## What to produce
In your copy of the data, omit the pictures and keep all else exactly as given.

## Collected data
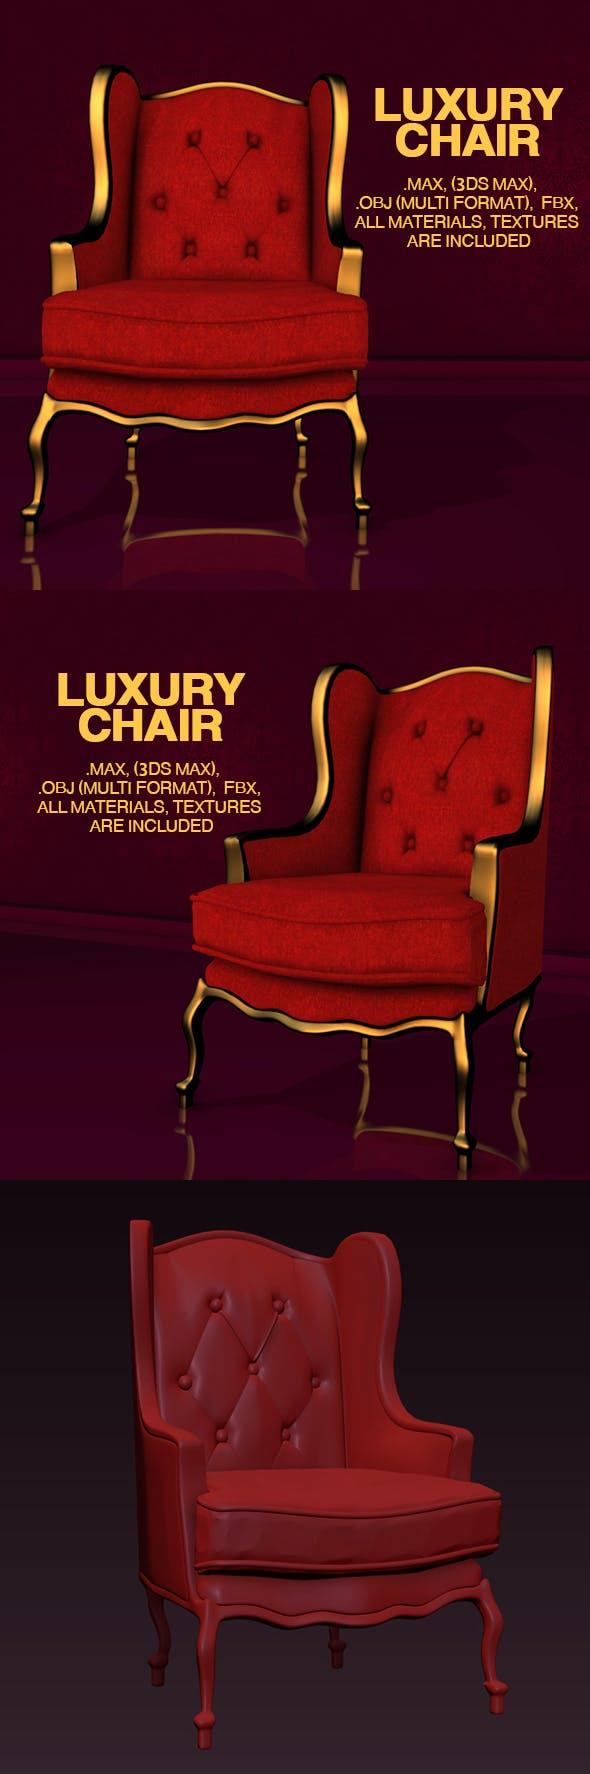 Luxury Chair - 3DOcean Item for Sale
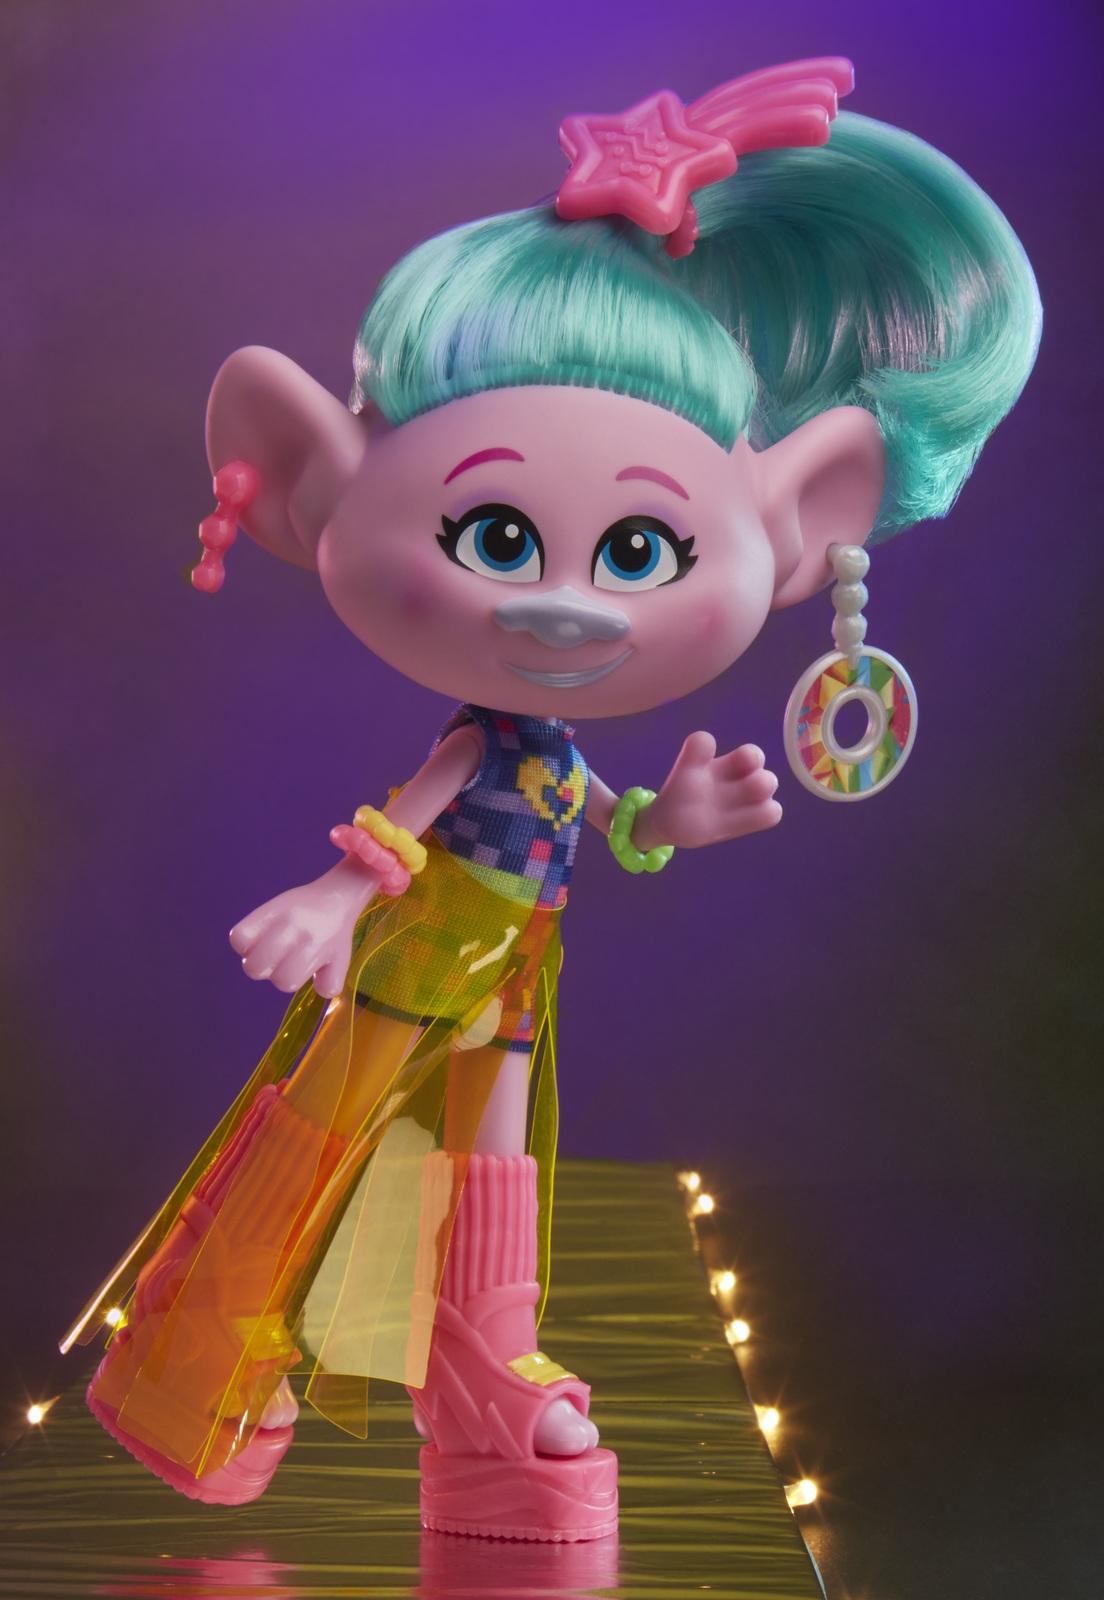 Trolls World Tour Glam Satin Deluxe Fashion Doll
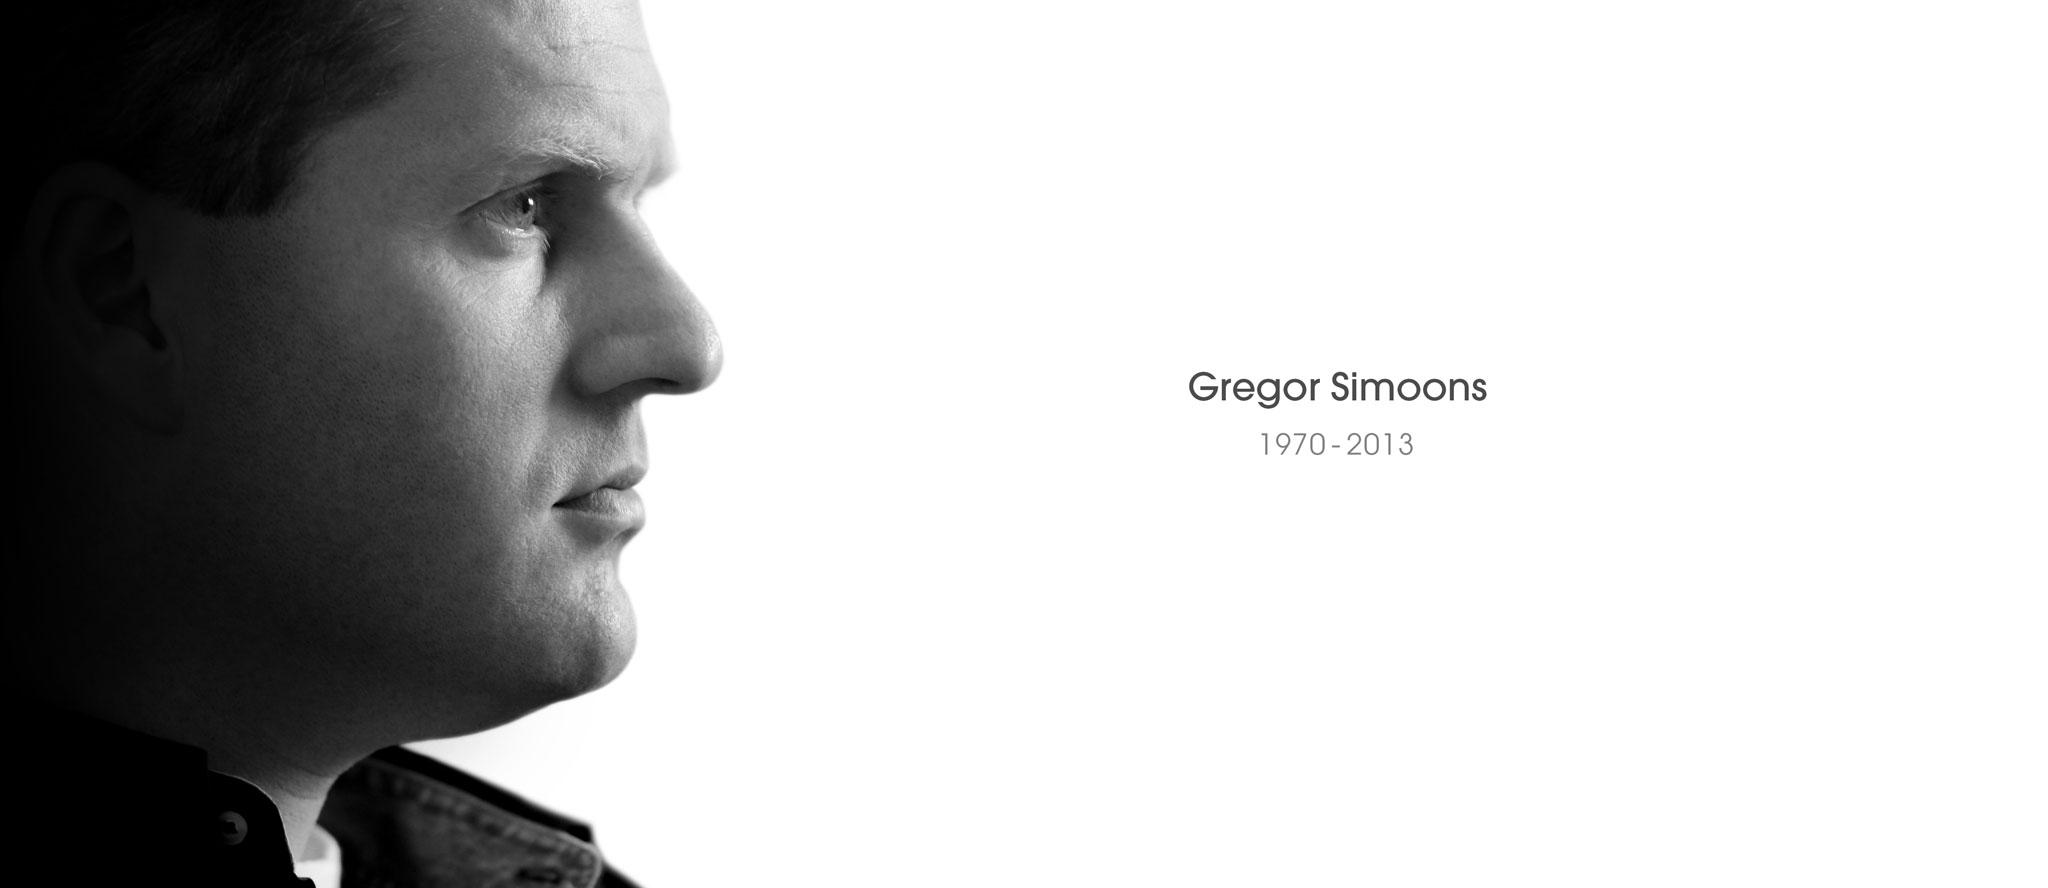 Gregor Simoons 1970-2013
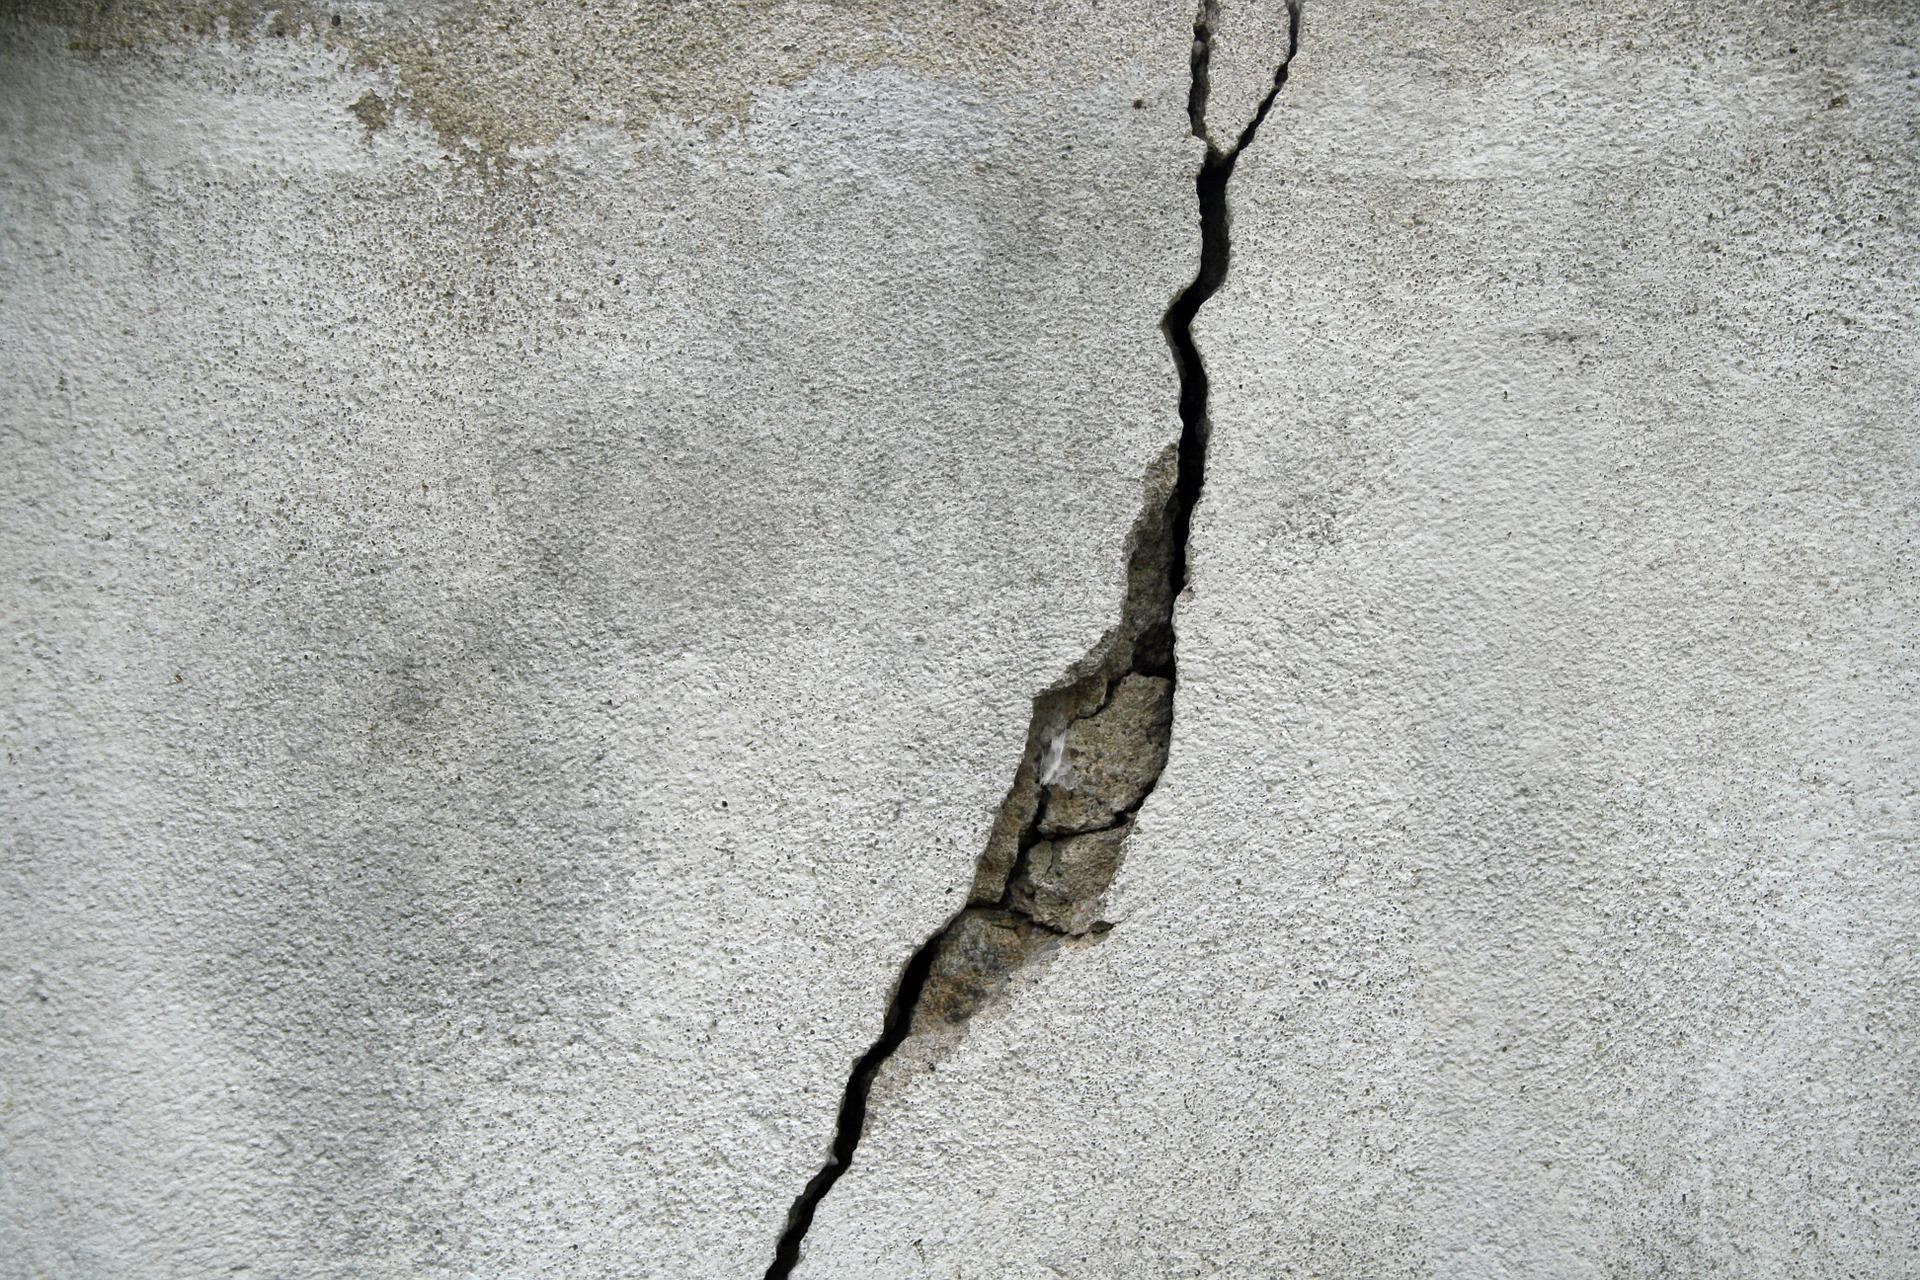 crack-695010_1920.jpg

## The answer
 Luxury Chair - 3DOcean Item for Sale
 Trolls World Tour Glam Satin Deluxe Fashion Doll
 Gregor Simoons 1970-2013
 crack-695010_1920.jpg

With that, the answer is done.